Hans Müller ist ein Kind von Auswanderern in die Schwäbische Türkei, das bis heute auf der Suche nach der Herkunft seiner Familie ist.

Region: Corinna Meinke (com)

Heiningen - Wenn Hans Müller an den Abschied in seiner alten Heimat denkt, verschlägt es dem jetzt in Heiningen im Kreis Göppingen ansässigen Ungarndeutschen vor Rührung immer noch die Sprache. Der 78-jährige Auswanderer-Spross stammt aus Villany, einem in    Südungarn gelegenen überwiegend deutschsprachigen Dorf mit 2500 Seelen, das zur Schwäbischen Türkei zählt. Gemeint ist die einst größte deutsche Sprachinsel in Ungarn, deren Name auf die schwäbische Kolonisation seit dem 18. Jahrhundert hinweist, auch wenn neben Schwaben auch Pfälzer, Franken, Hessen und Bayern einwanderten. Und diese Region in Ungarn war für Hans Müller die Heimat.

 

Ein Abschied auf Dauer

Als der kleine Hans 1946 mit seiner Familie auf das Pferdefuhrwerk stieg, das die Müllers zu den Deportationszügen nach Deutschland – und in seinem Fall nach Göppingen – brachte, ahnte der damals Achtjährige nicht, dass dies ein Abschied auf Dauer sein würde. Gewundert hat er sich allerdings, dass sein bester Freund nicht am Fenster stand, als sie an dessen Haus vorbeifuhren. „Die Kinder hat man ferngehalten“, sagt Müller. Vielleicht lag es aber auch daran, dass der Vater seines Freundes zum Bankdirektor aufgestiegen war – trotz deutscher Herkunft.

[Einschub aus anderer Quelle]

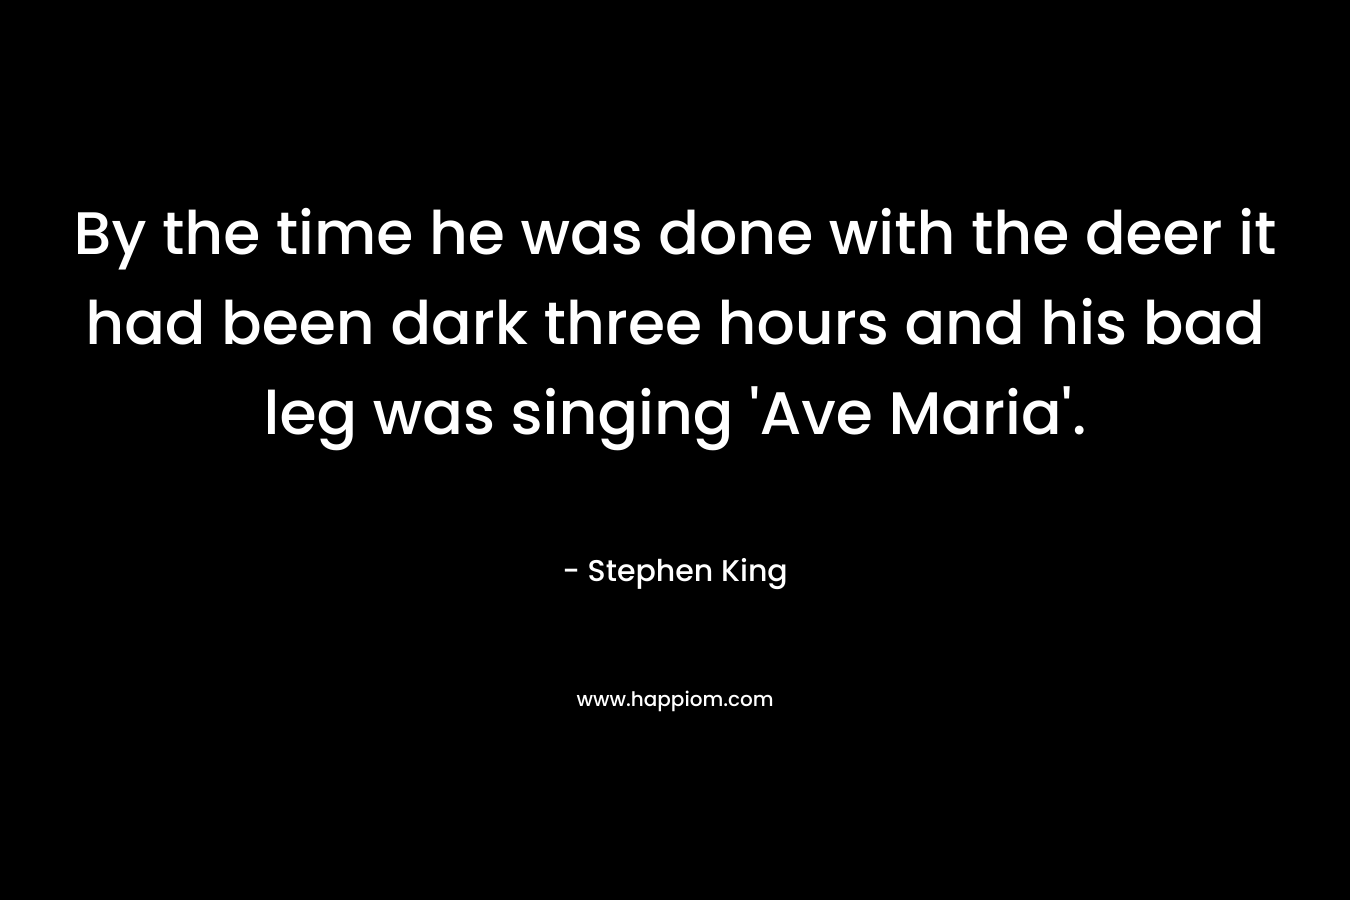 By the time he was done with the deer it had been dark three hours and his bad leg was singing ‘Ave Maria’. – Stephen King

Die Familie des Freundes ließ sich ungarisieren

Um in den 1940er Jahren Karriere zu machen, musste man sich ungarisieren lassen, erinnert sich Müller und erzählt, wie die Familie seines Freundes auf einmal nicht mehr Windischmann, sondern Veres genannt werden wollte. „Und deutsch durfte ich mit dem sowieso nicht schwätzen“, beschreibt Müller den damals erstarkenden ungarischen Nationalismus. Die Integration von Auswanderer-Familien kann im gleichen Land recht unterschiedlich verlaufen. Sie ist von vielen Faktoren und vor allem von der politischen Großwetterlage abhängig. Und selbst nach Jahrhunderten und auch wenn ihnen das fremde Land längst zur Heimat geworden ist, werden Einwanderer oft noch als Fremde angesehen.

Ihre Wurzeln zu recherchieren ist für die Nachkommen oft schwierig. Für Müller umso mehr, weil die eigene Herkunft zu Hause kein Thema war. Er musste den Vorfahren in aufwendiger Kleinarbeit nachspüren. Weil der Weg ins 1200 Kilometer entfernte Villany mit seinen Kirchenbüchern weit ist, hat sich Müller lieber bei den Mormonen umgesehen. Die christliche Glaubensgemeinschaft, die seit Jahrzehnten Namens-, Geburts- und Sterbedaten sammelt, hat das größte Ahnenarchiv weltweit auf Mikrofilm. Aber weiter als ins Jahr 1762, dem Geburtsjahr seines Urahns Adam Müller, konnte Hans Müller nicht vordringen. Deshalb weiß er immer noch nicht, woher seine Vorfahren kamen.

Auswanderer ohne Berührungsängste

„Ich selbst bin ein rechter Mischmasch“, steht für ihn fest, seit er herausgefunden hat, dass seine männlichen Vorfahren häufig Kroatinnen, Ungarinnen und Tschechinnen geheiratet haben – wie so viele Donauschwaben, deren Vorfahren sich im 18. und 19. Jahrhundert nach Südosteuropa auf den Weg gemacht hatten. Sie wurden von der Habsburgermonarchie nach der Vertreibung der Türken entlang der Donau in Ungarn und im Banat angesiedelt. Wie die Wahl ihrer Partnerinnen vermuten lässt, hatten diese Auswanderer weder Berührungsängste noch nationale Vorbehalte. Auswanderer müssen sich auf Neues einlassen, vielleicht macht das tolerant und offen gegenüber Menschen anderer Herkunft.

Hans Müller hat sich in seiner neuen Heimat viele Jahre lang für das Andenken an die Schwäbische Türkei und die einstigen Auswanderer starkgemacht. Er hat sich für die seit 1989 bestehende Partnerschaft zwischen Eislingen und Villany eingesetzt. Für Delegationsfahrten fühlt er sich zwar zu alt, doch es freut ihn, dass der Schüleraustausch lebendig ist, seit Deutsch in Ungarn zum Pflichtfach geworden ist.

Dieser Text ist ein Teil einer großen Serie über Auswanderer aus der Region Stuttgart.